First, colloidal nano ZrO₂ and nano Fe₃O₄ particles were synthesized as reported previously [29,30]. Next, 1 g nano Fe₃O₄ particles were added into 100 mL of 10 mg/mL colloidal nano ZrO₂, and the mixture was stirred for 6 h at room temperature. The resulting particles were separated by applying an external magnetic field. The maximum size of the ZMPs was 18.6 nm (93.2% of the total number of particles), and the minimum was 45.83 nm (6.8% of the total number of particles). Second, HRP-Ab₂ was added to 5 mL of 2 mg/mL ZMP solution, the mixture was stirred constantly for 12 h, and the unabsorbed Ab₂ was eliminated by magnetic separation. The final mixture was washed repeatedly. Subsequently, HRP was used to tagged unreacted and nonspecific sites on the ZMPs. Magnetic cross-linked nanochains (DNA/(ZMPs-HRP-CEA Ab2)_n) were obtained from a mixture of 10 mg/mL calf thymus DNA and ZMPs-HRP-CEA Ab₂ that was gently stirred in a magnetic field for 6 h and then separated magnetically. The obtained probes were resuspended in PBS of pH 7.0 containing 0.2% BSA. The formation of this probe was monitored by TEM.

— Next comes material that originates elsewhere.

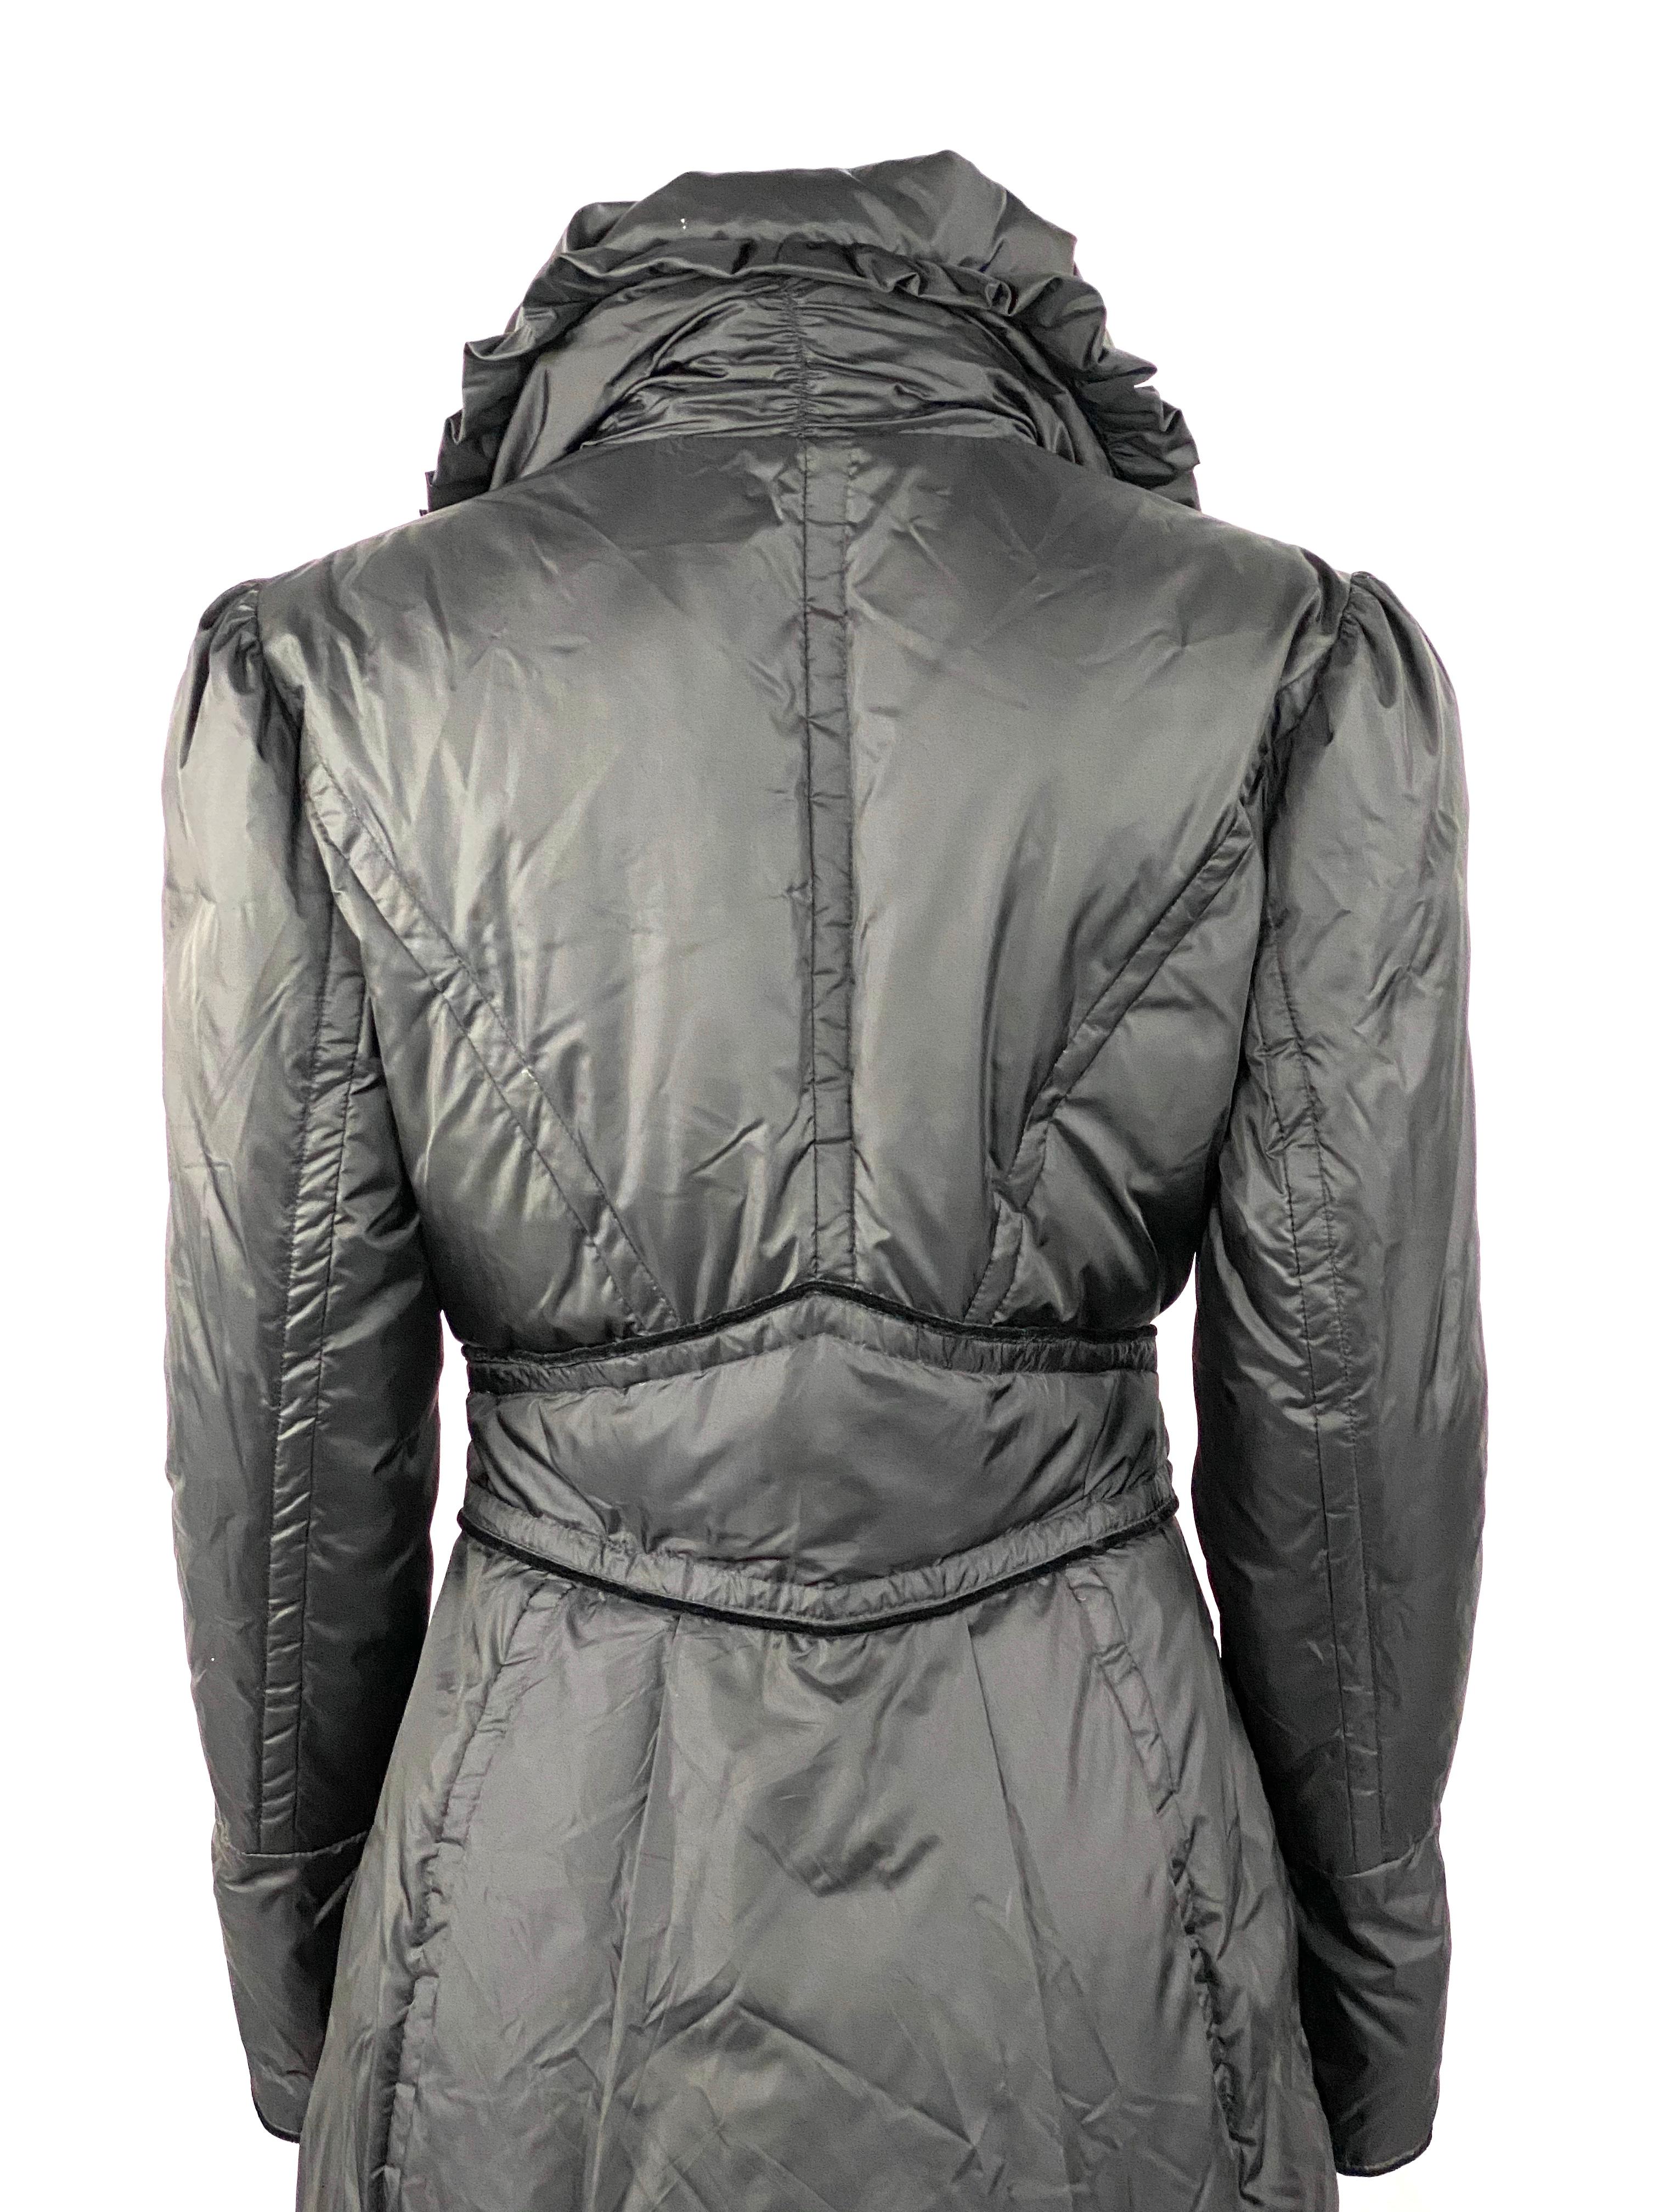 Emanual Ungaro Black Goose Dawn Long Puffer Jacket Coat Size 40  6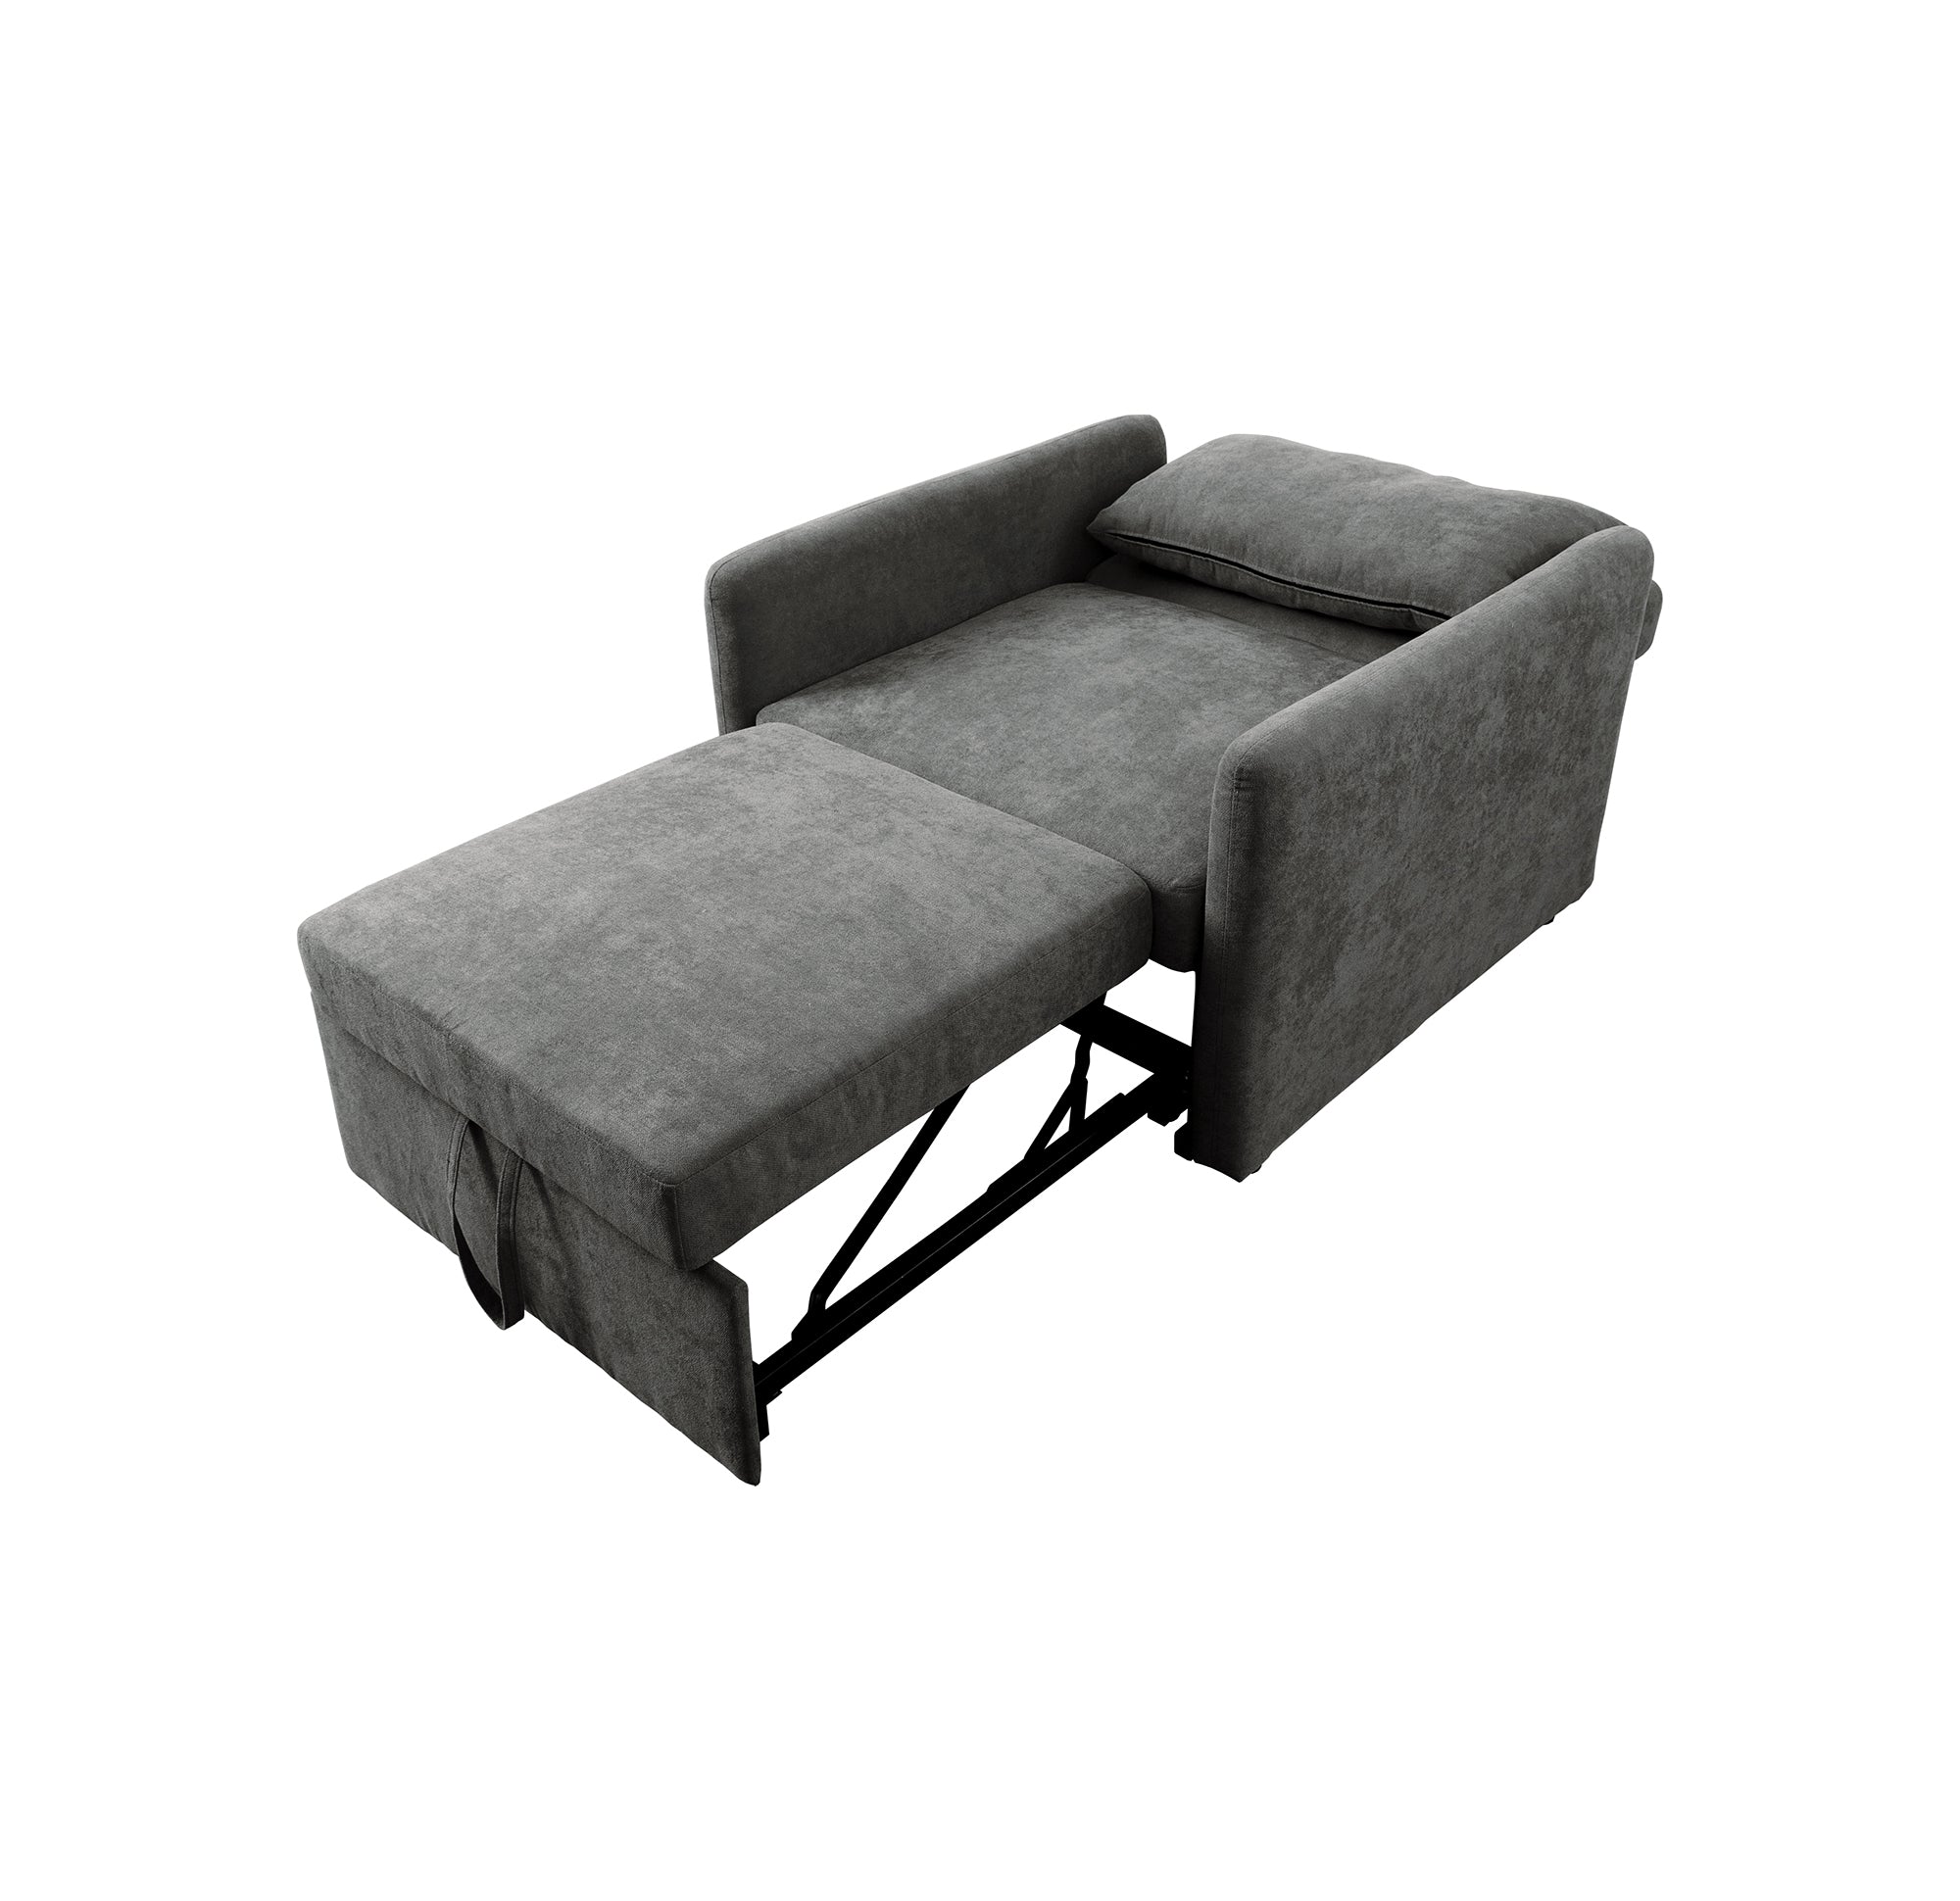 Ainehome Dark Grey Lint foldable Sofa bed

First, 10 μL of 0.5% CS ethanol was deposited onto the polished GCE surface. The GCE/CS obtained when the ethanol was volatilized completely was washed with double-distilled water. Second, 50 μL 1 mg/mL nano-Au (5 nm) was electrochemically deposited onto the CS membrane surface; Finally, GCE/CS/nano-Au was obtained, and the electrode was scanned 10 times with the potential increasing from −0.8 to 0.8 V in 0.1 M NaOH solution at 100 mV/s. Then, this electrode was soaked in 0.1 M PBS (pH 7.0) containing 1 mg/mL Ab1 for 12 h, and the GCE/CS/nano-Au/Ab1 (hereafter referred to as GCE/Ab1) immunoelectrode was obtained. The electrode was incubated with 3 mg/mL BSA for 30 min to block the unreacted and nonspecific sites (Scheme 1).

Scheme 1 shows the detection principle of the immunosensor. The procedure is based on the typical procedure used in sandwich-type immunoreactions. When the immunoreaction between GCE/Ab₁ and the CEA antigen was completed, DNA/(ZMPs-HRP-Ab₂)_n probes were captured through the “sandwich” mode to form sandwich-type immune complexes (Ab₁/CEA/(DNA/(ZMPs-HRP-Ab₂)_n). The response current of this immunosensor was found to be positively correlated with CEA in a certain concentration range. Therefore, it could be used for the quantification of CEA, because the HRP on the surface of the immune complex can catalyze the reaction between H₂O₂ and OPD.